Central compute architecture is not expected to be broadly adopted until 2030, but adoption is already underway. This approach introduces a high-performance compute cluster, which orchestrates almost all vehicle functions, routing data from various sensors and components through aggregators to a central processing unit. Semiconductor innovations, such as automotive chiplets, will be critical in advancing these architectures, providing the high-performance capabilities required to support the on-demand software updates that consumers now expect.

There’s lots of talk about updating SDV architectures to drive more efficiency. What demands are zonal architectures placing on microcontroller units (MCUs) to deliver from a computing standpoint?

SDVs are only as smart as the architecture behind them. Simply put, they cannot reach their full potential without Zonal Controller Units. These controllers consolidate vehicle functions by physical cluster, rather than by feature. This shift is putting a big spotlight on MCUs and pushing the boundaries of what MCUs need to deliver — process faster, connect more devices, and support emerging features like AI at the edge.

• More Compute: MCUs are being pushed to handle far more real-time computing. As chipmakers seek out arrays of different of logic cores, which run at higher operating frequencies. They are moving to more advanced nodes and bringing different digital cores’ virtualization concepts allowing MCUs to manage multiple tasks flexibly and efficiently.
• Input/Output Overload: Modern vehicles have over 90 smart sensors, 800 sensors and loads, requiring zonal MCUs to have denser digital and analog I/O offerings to handle this level of data processing.
• Memory That Can Keep Up: Embedded non-volatile memory (eNVM) has to get both bigger and faster. Bigger up to 32MB and more, and faster to support the fast-switching digital cores without adding any latencies or risking bottlenecks.
• Faster Communication: The volume of data in cars continues to surge, and MCUs need to move that data — fast.
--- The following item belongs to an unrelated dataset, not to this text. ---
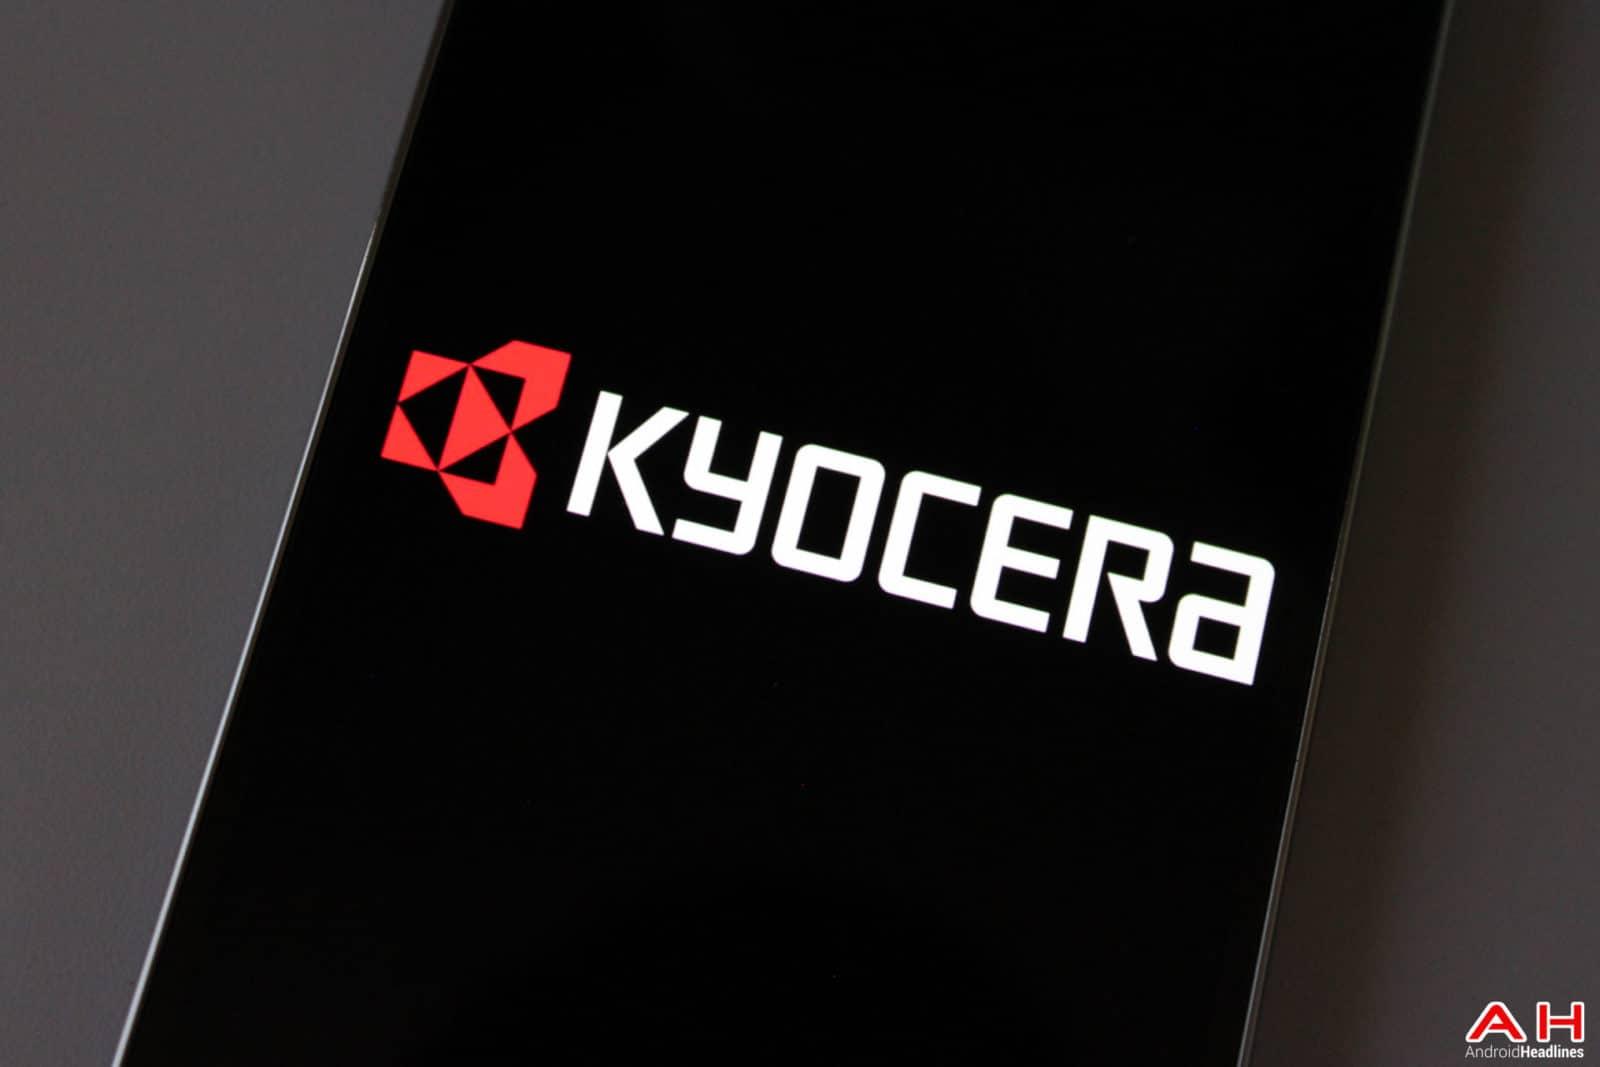 AH Kyocera LOGO-11

Technologies like high-speed Ethernet and Serializer-Deserializer (SerDes) interfaces are becoming standard to guarantee reliable communication between zones and between zones and complex vehicle sensors.

GF’s advanced chip technologies like 12LP+ MRAM and 22FDX MRAM are helping chipmakers support the complex processing of today’s cars with fast, power-efficient vehicle controllers.
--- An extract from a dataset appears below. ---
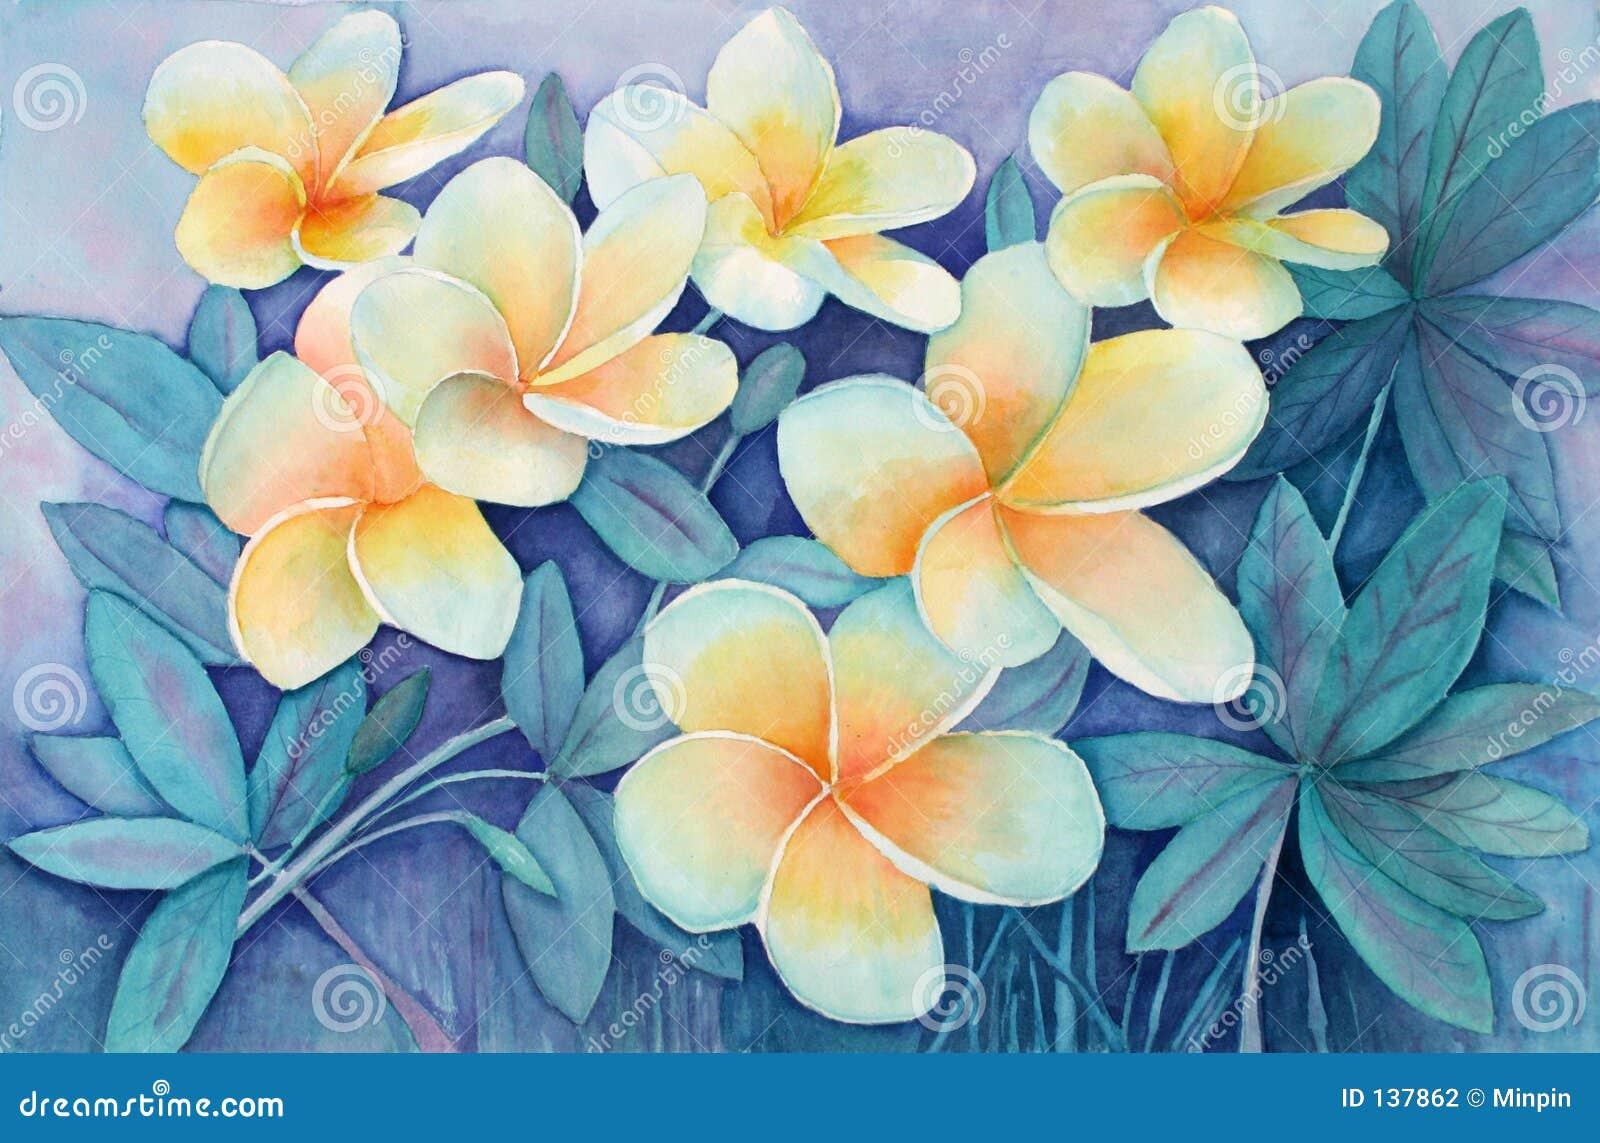 Aquarelle initiale - fleurs

As zonal compute rises, the analog tasks shift to the vehicle’s edges. Now, auto chipmakers are bundling these functions – motor controllers, audio amps, even communication interfaces into single MCUs on GF’s 130BCD or 55BCD technology platforms.
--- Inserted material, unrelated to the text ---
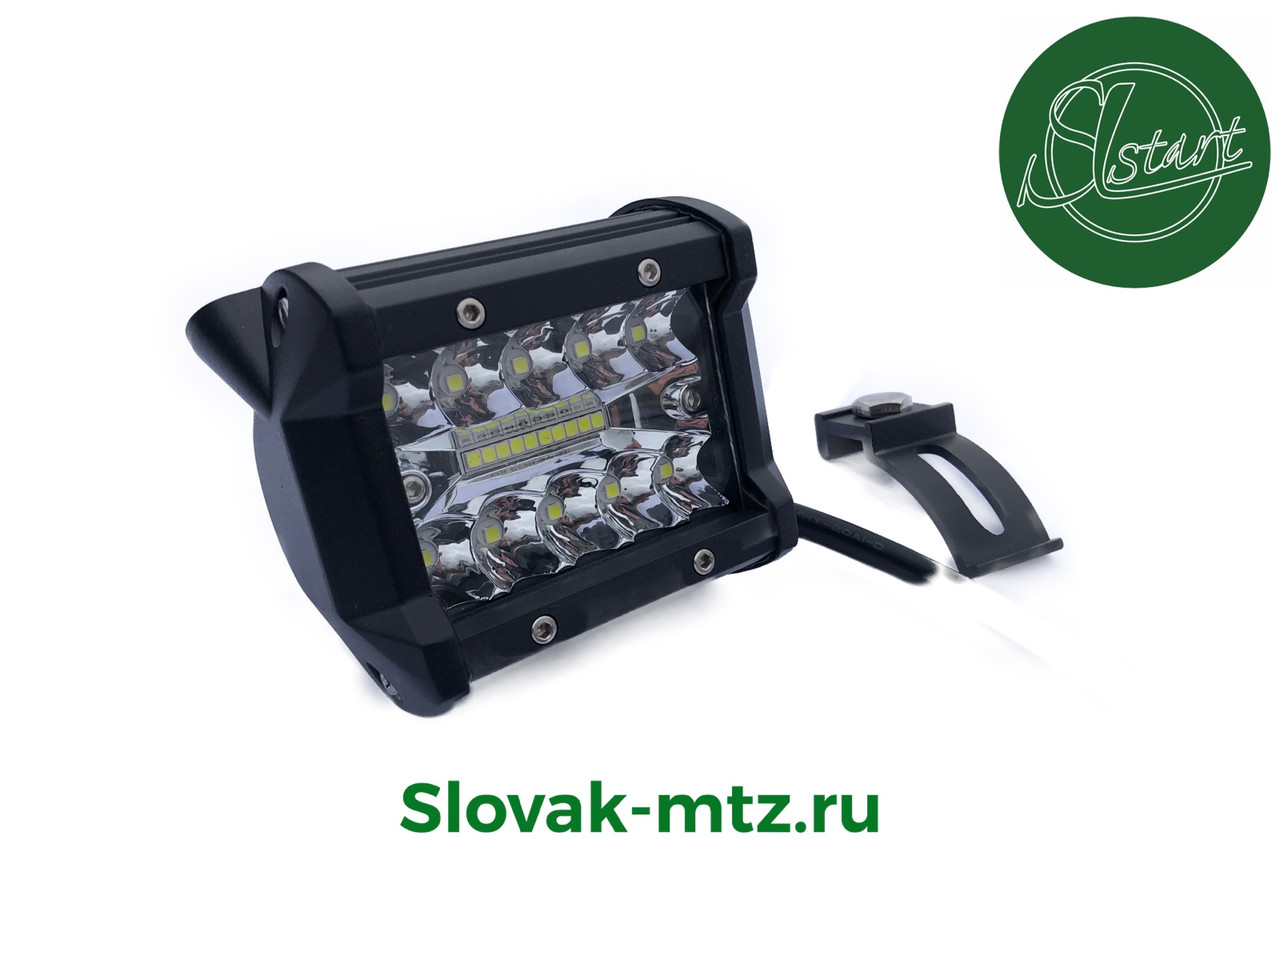 Светодиодная LED фара 60Вт (светодиоды 3w x20шт)

Speaking of the edge, AI acceleration in vehicles is skyrocketing. How is AI at the edge reshaping the requirements of automotive MCUs in SDVs?

AI at the edge is powering many newer features – battery lifetime extension, in-cabin sensing, voice recognition, intelligent motor control. This approach reduces complexity, costs and power consumption, but it also enhances user privacy by processing information locally, rather than on the cloud. In instances like these where AI acceleration is not happening in central computers or ZCUs, end nodes require embedded AI acceleration to execute these functionalities.

With this evolution, some MCUs are adapting by offering specialized IPs primed for AI acceleration: graphics processing units (GPUs) to run complex mathematical models, language processing units (LPUs) for language and communication models, and digital signal processing (DSPs) to transform real-time signals. For more intensive workloads, MCUs are also integrating faster, more reliable interfaces to connect with external memory, ensuring they can process high volume data required for advanced AI applications.